Fig 1.
NMII grows robustly in C57BL6/J BMDM differentiated with rmM-CSF.
(A) BMDM in 24-well plates were infected with NMII at an MOI of 0.1 or 10. Bacterial growth was assessed by quantifying genomic equivalents (GE). Results are expressed as the means of three biological replicates from one experiment and are representative of three independent experiments. Error bars indicate the standard deviations of the means. (B) BMDM on coverslips in 24-well plates were infected with NMII at an MOI of 10. Cells were fixed immediately after infection (Day 0), and at 1 and 3 days post-infection. Cells were stained for NMII (green) and DNA (blue), and fluorescent images overlaid with the corresponding phase contrast image. Bar, 10 μm.
Fig 2.
The NMII-occupied vacuole of C57BL/6J BMDM has lysosomal characteristics.
(A) BMDM infected for 3 days and stained for NMII (red), LAMP1 (green), and DNA (blue). (B) BMDM infected for 3 days and incubated with DQ Green BSA to detect lysosomal proteolytic activity (green). Arrows denote Coxiella-containing vacuoles. An arrowhead demarks an uninfected cell. In both panels, nuclei are stained with Hoescht (blue) and fluorescent images are overlaid with the corresponding phase contrast image. Bars, 5 μm.
Fig 3.
Permissive C57BL/6J BMDM display an M0 phenotype.

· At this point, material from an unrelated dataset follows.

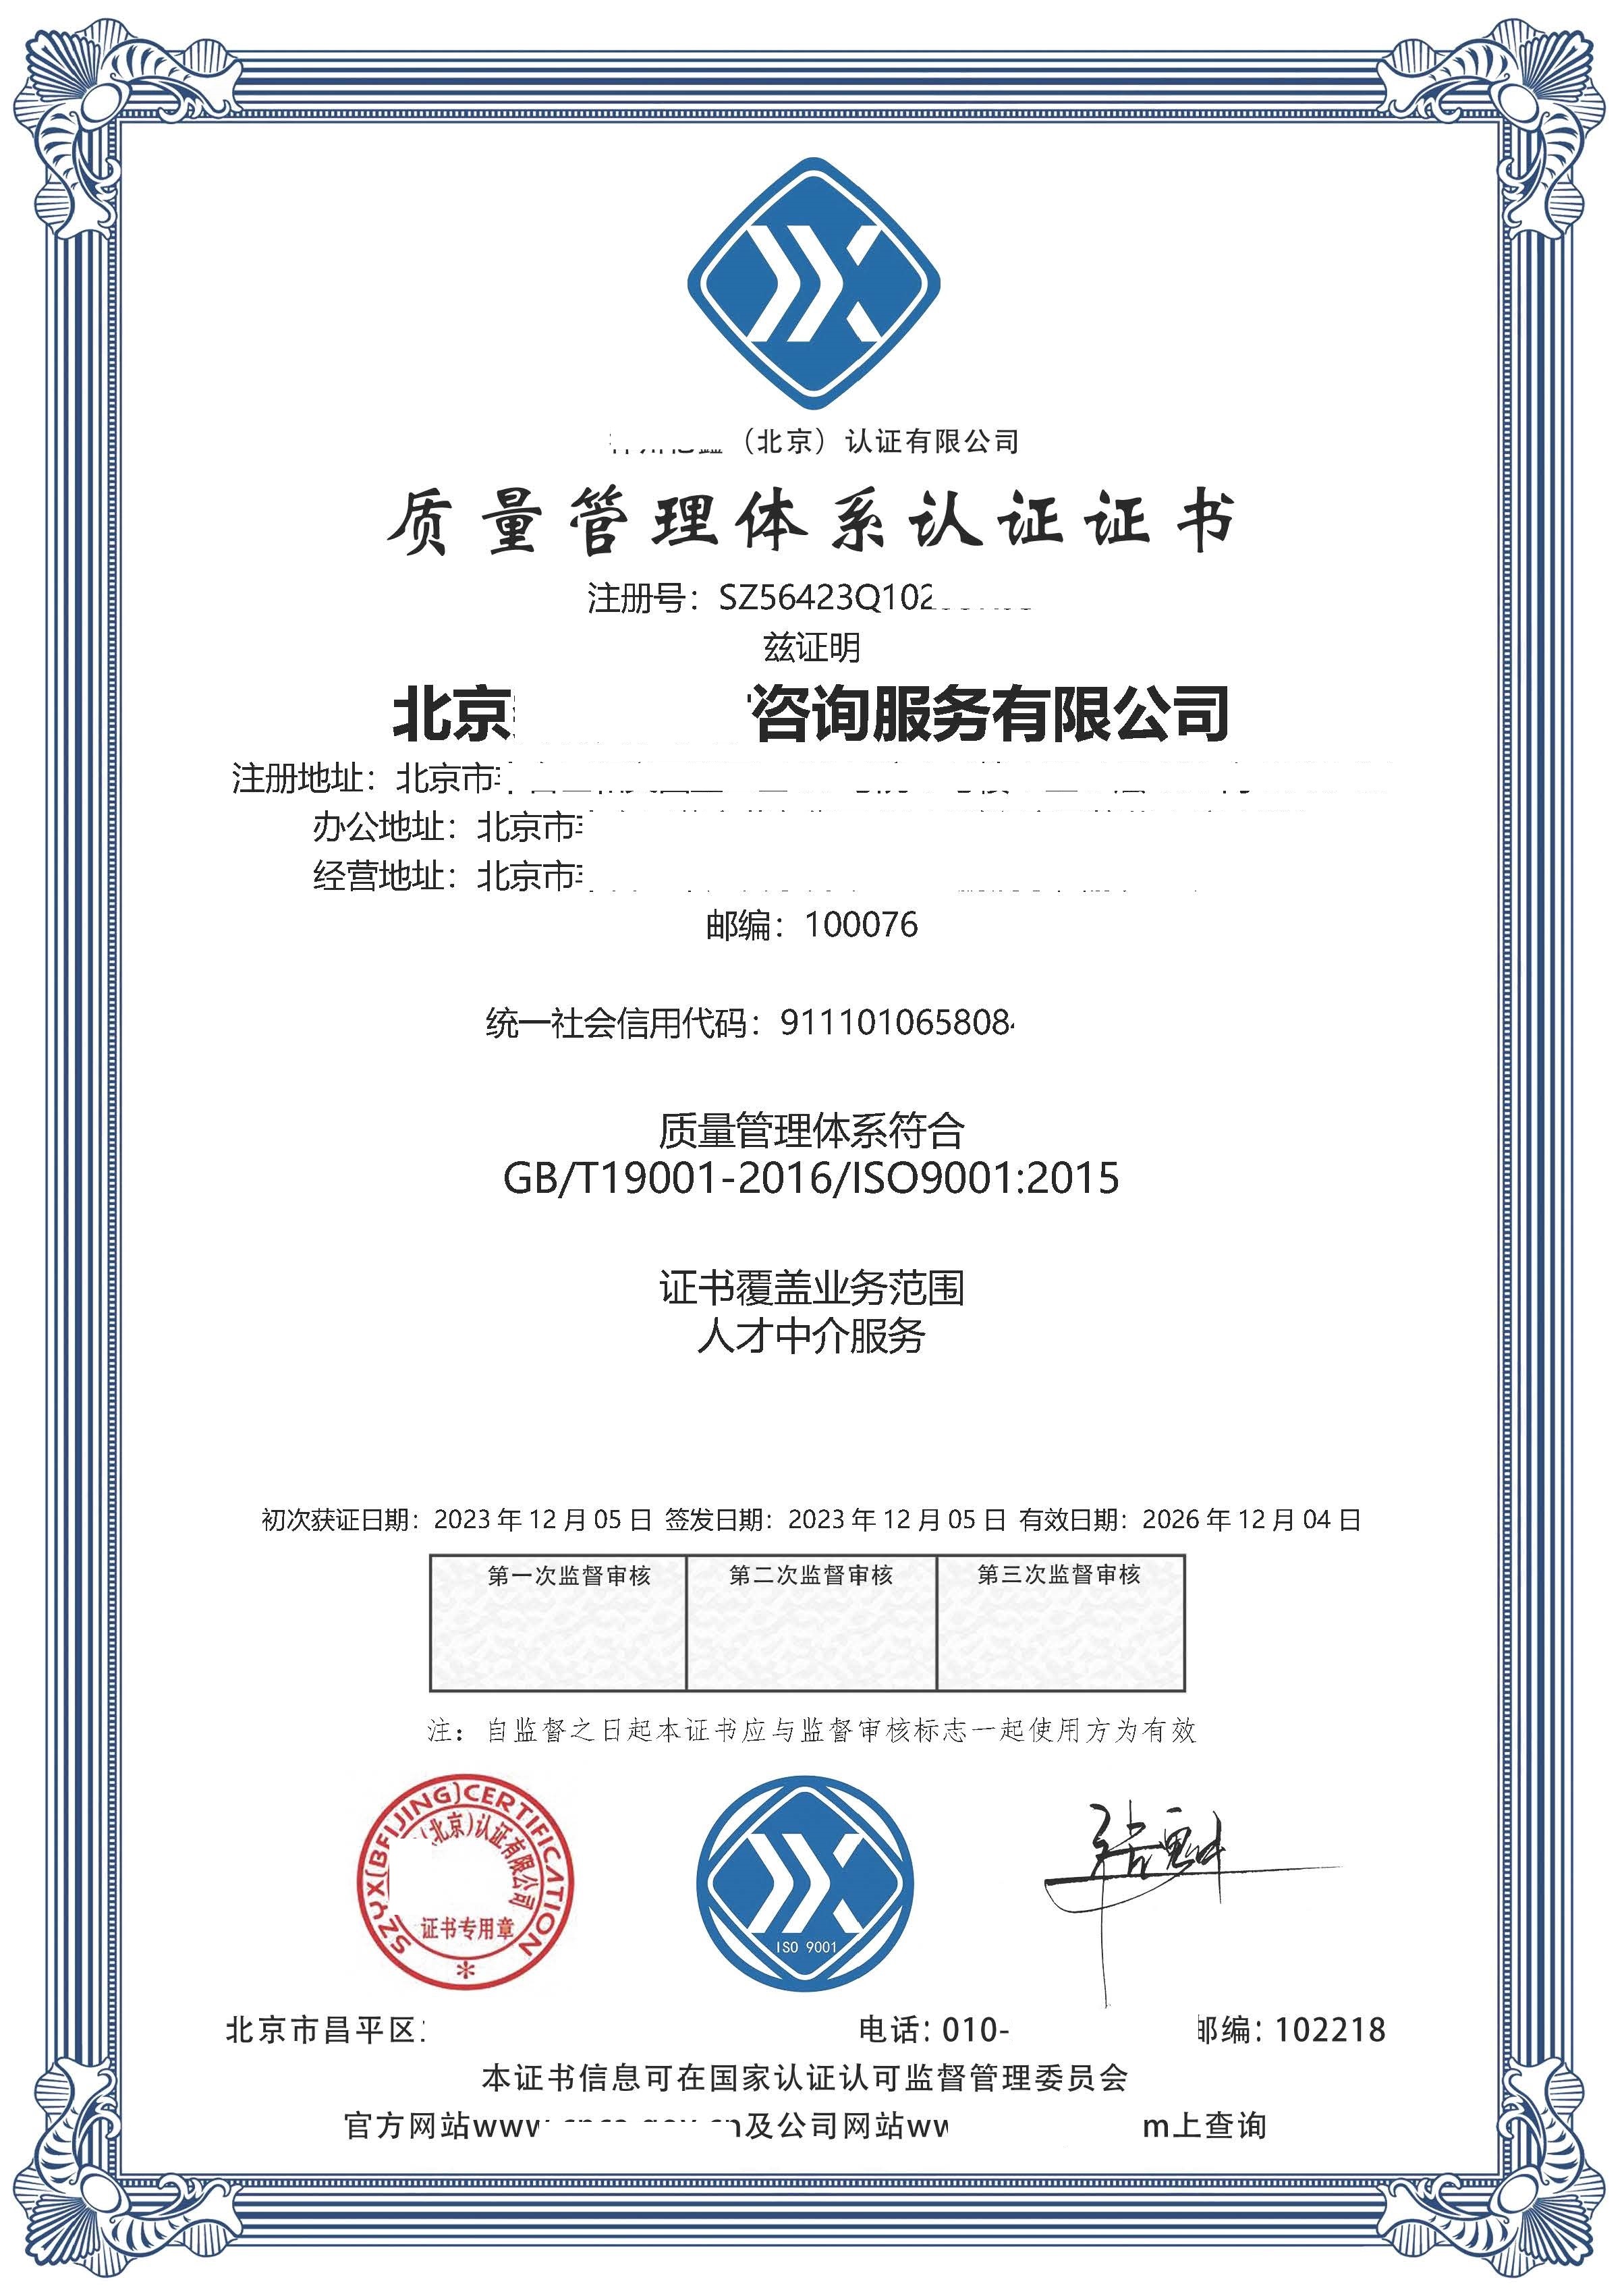 恭喜  北京****咨询服务有限公司  获得ISO9001质量管理体系认证证书
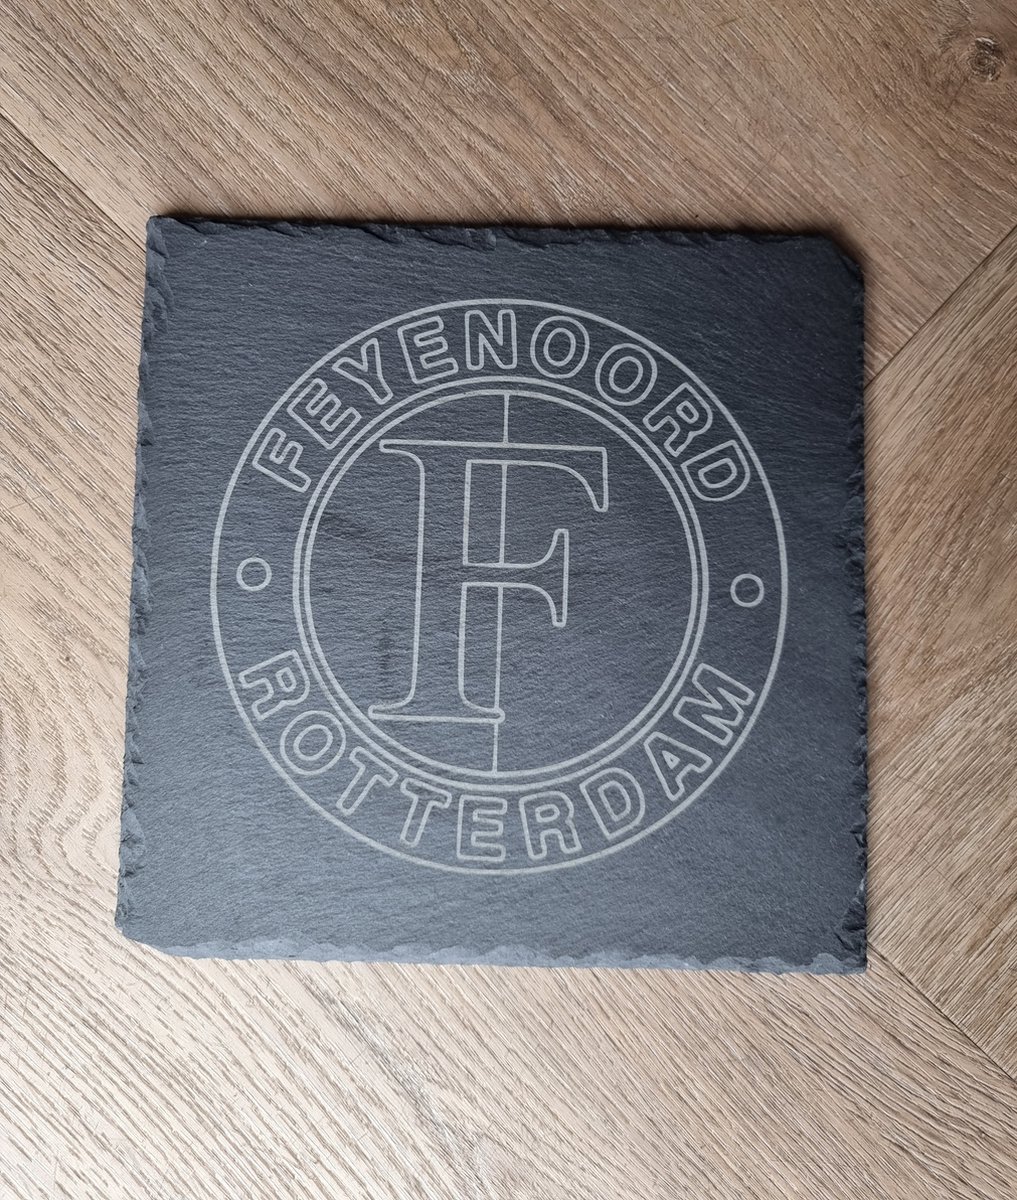 Leistenen plank Feyenoord vierkant 20cm - Serveerplank - Tapasplank - Decoratie - Onderzetter - Borrelplank - Leisteen

BMDM were mock infected or infected with NMII at an MOI of 10. At 56 h post-infection, cells were treated with medium (no stimulation), 100 ng/ml LPS, or 20 ng/ml IL4. Six h prior to treatment with LPS, cells were also treated with 20 ng/ml IFNγ. Flow cytometry was conducted at 72 h post-infection. (A) Cells were gated on live CD11b+ F4/80+ cells with additional gating on infected cells based on NMII signal. (B) Expression of CD38 and early growth response protein 2 (Egr2), markers of classically activated (M1) and alternatively activated (M2) macrophages, respectively. Results are representative of three independent experiments.
Fig 4.
NMII-infected C57BL/6J BMDM produce moderate amounts of TNF and nitric oxide.
BMDM were infected with NMII at an MOI of 50. At 8 h post-infection, cells were mock treated or treated with 100 ng/ml LPS (TLR4 ligand), 10 μg/ml zymosan (TLR2 ligand), or 10 ng/ml TNF (nitrite assay only). Following an 18 h treatment, culture supernatants were assayed for TNF by using an ELISA kit (A) and nitric oxide by determining nitrite concentration with the Griess reagent (B). Results are expressed as the means of three biological replicates from one experiment and are representative of two independent experiments. Error bars indicate the standard deviations of the means.
Fig 5.
Wild type and Nramp1-positive ER-Hoxb8 macrophages are permissive for NMII growth.
(A) Bone marrow-derived myeloid progenitors from wild type and C57BL/6J Nramp1+ mice were immortalized with an estrogen-regulated Hoxb8 (ER-Hoxb8) oncogene. Macrophages were derived from immortalized progenitors using M-CSF and infected with NMII at an MOI of 10. Approximately 2 logs of NMII growth, based on genome equivalents (GE), was observed in both C57BL/6J and C57BL/6J ER-Hoxb8 Nramp1+ macrophages over a 6 day time course. Results are expressed as the means of three biological replicates from one experiment and are representative of two independent experiments. Error bars indicate the standard deviations of the means. (B) Confocal fluorescence micrographs of ER-Hoxb8 micrographs showing large vacuoles harboring NMII (red) in both cell types at 3 days post-infection. DNA is stained with DAPI (blue). Bar, 10 μm. (C) Primary BMDM from wild type and C57BL/6J Nramp1+ mice differentiated with rmM-CSF were infected with NMII at an MOI of 0.1. Approximately 2 logs of NMII growth, based on genome equivalents (GE), was achieved at early stationary phase (3 days post-infection) in both cell types. (D) Primary BMDM from wild type and C57BL/6J Nramp1+ mice differentiated with rmM-CSF were infected with Salmonella Typhimurium at an MOI of 5. Colony forming units (CFUs), representing intracellular bacteria, were enumerated at 1, 2, and 10 h post-infection by plating macrophage lysates on LB-agar plates. Significantly less CFU were recovered from Nramp1+ macrophages then from wild type macrophages at 10 h post-infection (asterisks, p <0.01). Results are expressed as the means of three biological replicates from one experiment and are representative of two independent experiments. Error bars indicate the standard deviations of the means.